Sweden claims livestock growth promoter ban is working

By Carina Perkins

- Last updated on GMT

5,340 meat samples tested for residues
5,340 meat samples tested for residues

Related tags: Milk

Swedish food authorities have claimed that testing has proven meat producers are abiding by the country’s ban on growth promoters in livestock production.
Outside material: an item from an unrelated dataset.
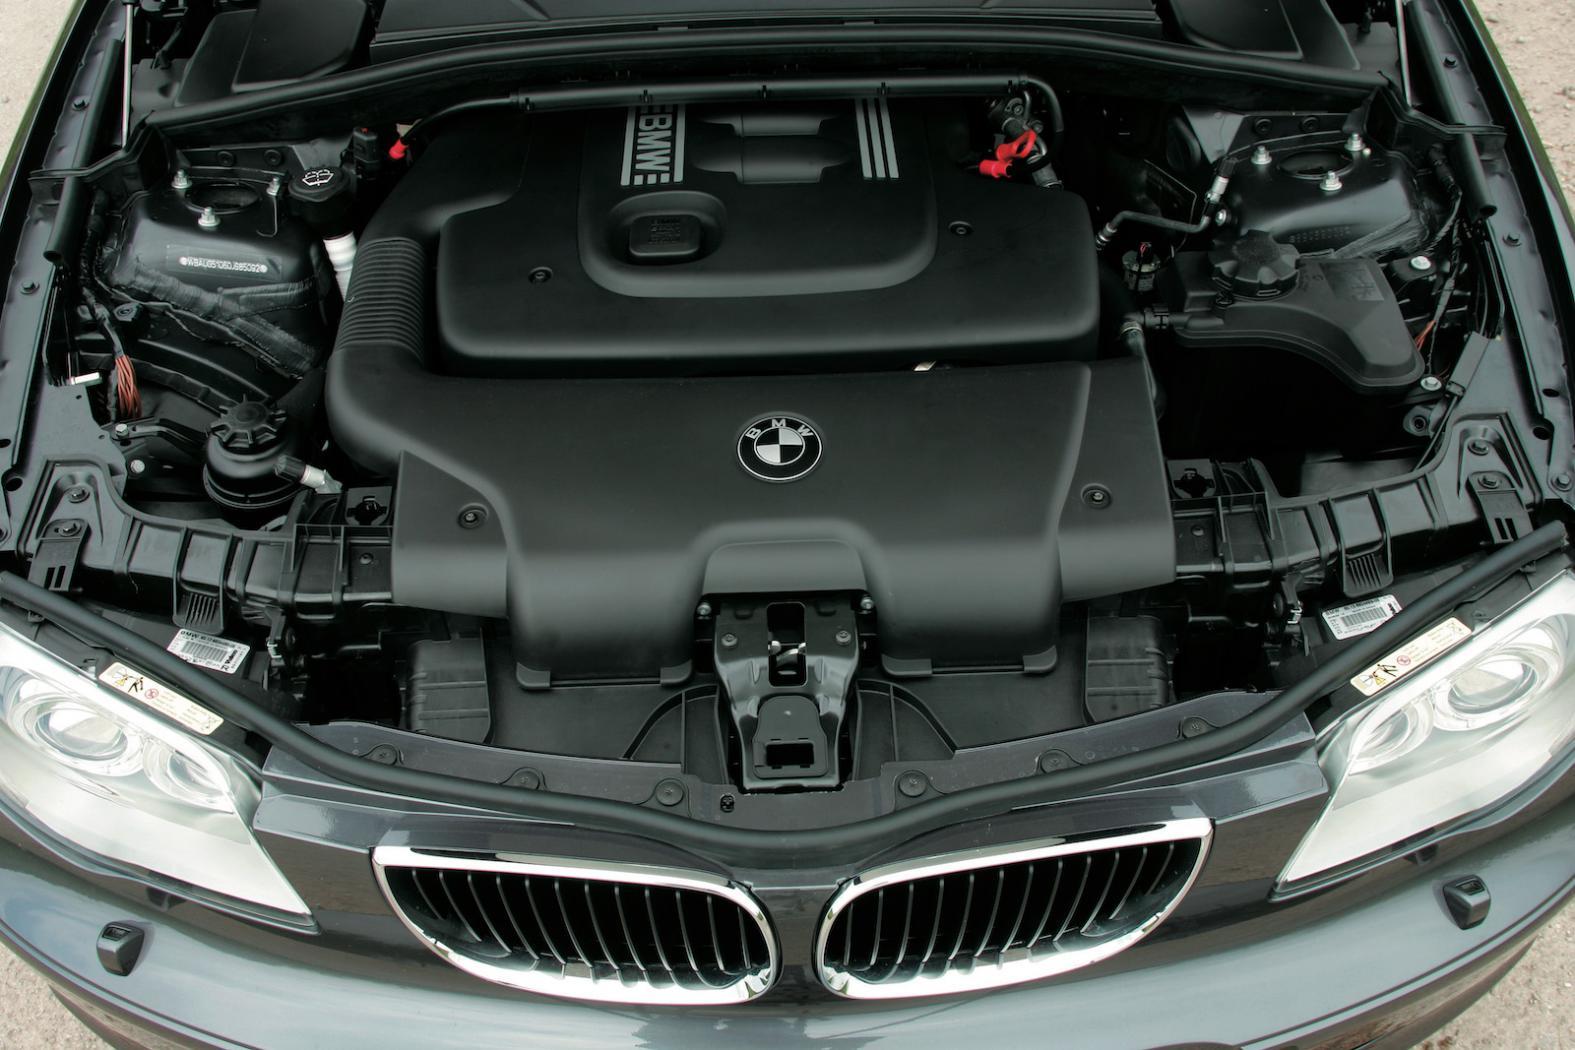 BMW-Serie1-E87-Casse-chaine-distribution-3.jpeg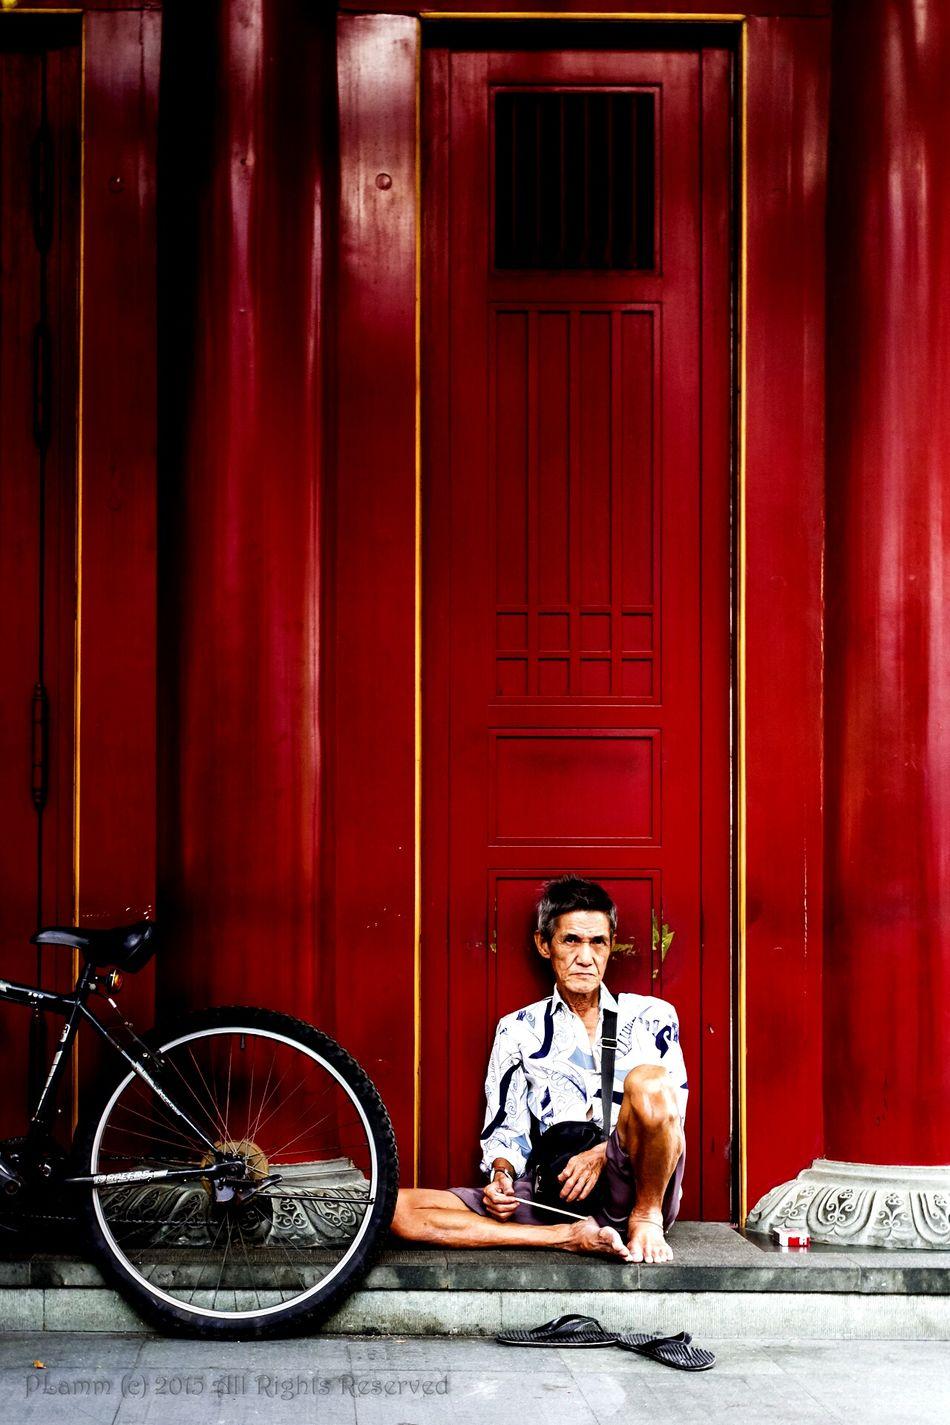 temple guard. EyeEm , EyeEmChinatownPhotowalk , Temple , Door , Red , Street, Old, Man

The National Food Agency (NFA) said that, of 5,340 meat samples tested for residues of illegal substances, only two were found to contain a banned substance. Both had low levels of the antimicrobial drug chloramphenicol, which cannot be used in food-producing animals in Sweden.

The NFA said that both cases had been submitted to the local authorities for further investigation, but nothing had been found to suggest unauthorised use of the drug had taken place.

The body said it had begun several projects in collaboration with Sweden’s Agriculture Department and National Veterinary Institute this year to determine whether residues of chloramphenicol can form naturally, and if this might give rise to detectable levels in pork.

Samples of animal feed were also tested for cadmium, lead, mercury, chlorinated organic pollutants and mould toxins, and the NFA said that none of the samples tested positive for levels above the exposure limit, which accounts for natural residues as the result of environmental factors. Additionally, none of the animal feed samples had detectable levels of pesticides.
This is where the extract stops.